Nancy Dome: That could have easily been my sister and I without the right supports and guidance. Unless there is an inherent belief, and I think there is for some people, that kids of color, particularly Hispanic and black children are just naturally predisposed for bad behavior, then it didn’t make any sense to me why they would be 90% of enrollment in a district that doesn’t even have, that has a low number of these kids anyway, right? So you start to see Alternative Ed district that is 90% kids of color, and when they’re going to school districts where they only make up 12 and 8% of the population.
The majority of them are being expelled out of school. Actually, my dissertation was looking at learning styles and how there was a disconnect between the kids that were put in Alternative Ed and expelled out of public school and how we taught school and traditional education. What we found, what I found in my research was that most of the kids that ended up Alt. Ed. were very kinesthetic learners, which was really contrary to how we teach in schools. So they need to talk, they need to move, they need to act. Many of them have special education designations.
You start to see this pattern of, you can almost predict just — they say now that you can predict that third grade, who’s going to flunk out of school. At third grade, which is crazy to me. That means the system is already messed up. If you can tell in third grade who’s going to flunk, then the system has to change, right? We can help them at third grade and now we’re going to do it and 12th grade or ninth grade? I just think that the way that schools have been designed, really have been to create what I just called sheep — and this is coming from an educator.
I don’t think that it really — we talk about critical thinking, we talk about self-actualization using Maslow’s hierarchy, but I don’t think a lot of the things that we actually practice, actually encourage what we say we’re trying to teach.
Benji Block: Well, it takes us back to the beginning, right? Because it’s the water we swim in. It’s the systems that were created before us and then it becomes impossible to see them, sometimes. We’re operating in them, wondering why it’s not working. It’s something that can easily seem to be invisible to us. We’re just becoming products or creating kids that are products of systems that are broken and need adjustment. There’s a lot there like I said, I could have a five-hour conversation with you. My wife’s a middle school teacher. I resonate with this in a different way.
One of the things that we need to talk about, you talk and outline really clearly different communication styles. This impacts how we interpret each other and how we come off and are perceived. Talk to us a little bit about the different styles and how to go about those harder conversations. What do we need to be paying attention to, because we all communicate so differently?
Nancy Dome: The styles are really important for us to understand because it dictates how we show up in our conversations, right? So for instance, we talked about, there’s aggressive, there’s passive-aggressive. There’s passive and then there’s — my mind just did a blank, but I have don’t have it in front of me, but all those four styles are completely different, right? So, if you’re a passive communicator that means that you may not necessarily be saying everything that’s on your mind. You’re just laying back, you may not speak up, but if you’re talking to me and I’m assertive, thank you, because I have to think about myself. I’m very assertive. And actually assertive, which also because then you throw my skin color on it, you throw my size on it and people assume that my assertiveness is aggressive, right? Again, impact and intent.

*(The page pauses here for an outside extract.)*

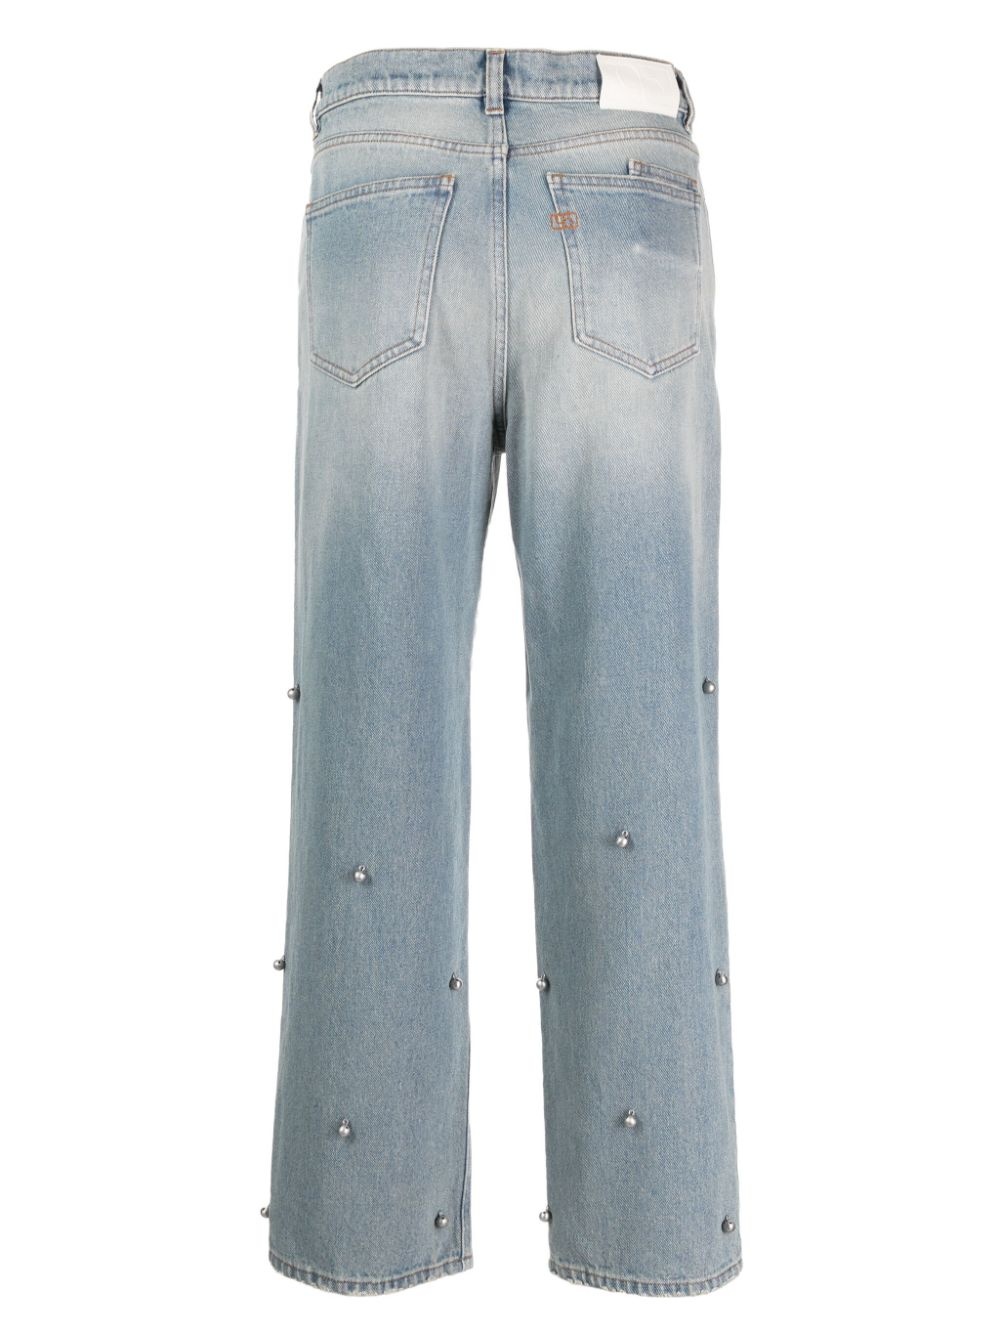 bell-emgellished indigo-wash jeans - 2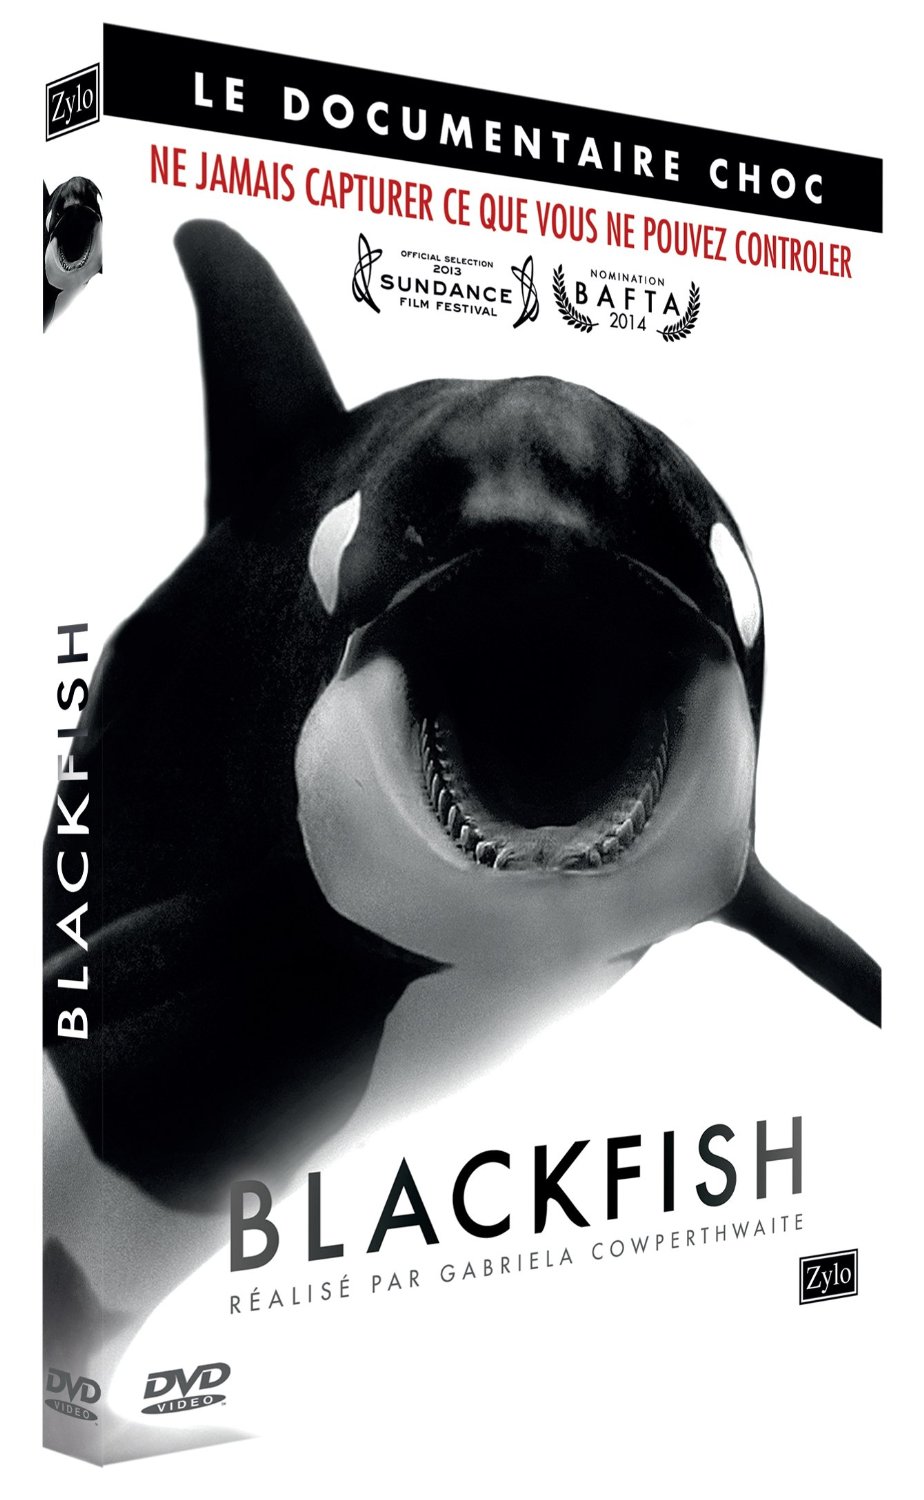 BlackFish

I say, I’m assertive because I’m going to speak truth and I’m going to tell you, but I’m never going to try to hurt you and people will see it as aggressive. That is an example. If I don’t understand that you are more passive in your communication more timid in your communication, I can come off way too strong. It’s not about me being the only one changing it, but if you’re aware, also that you’re passive, and you’re communicating with someone who’s assertive, how do you move to the center a little bit?
If you think about these being at the four quadrants at the very far corners the extreme — the extreme passive, the extreme assertive and extreme passive-aggressive, extreme aggressive — how do we meet in the middle, so that I temper my assertiveness and it’s still going to, I’m going to be direct, but there may be more of an entry, like more of an opening that now I’m more concerned about creating a space where you feel that you can say something to me, that you feel safe in the communication. But also your responsibility as a passive communicator is to lean into that discomfort a little bit and be willing to take a risk on the hope that we can meet somewhere in the middle.
So understanding that is important, but if I don’t understand that, then I’m never going to do anything to mitigate my own communication style to make space for you to be able to show up. I can be overpowering easily. For me, I know that I recognize [that] I need to sometimes step back. I need to listen. I need to breathe and I need to let someone who doesn’t communicate as strongly as I do, have the floor so that I can hear them and then respond and let them know that they’re active participants.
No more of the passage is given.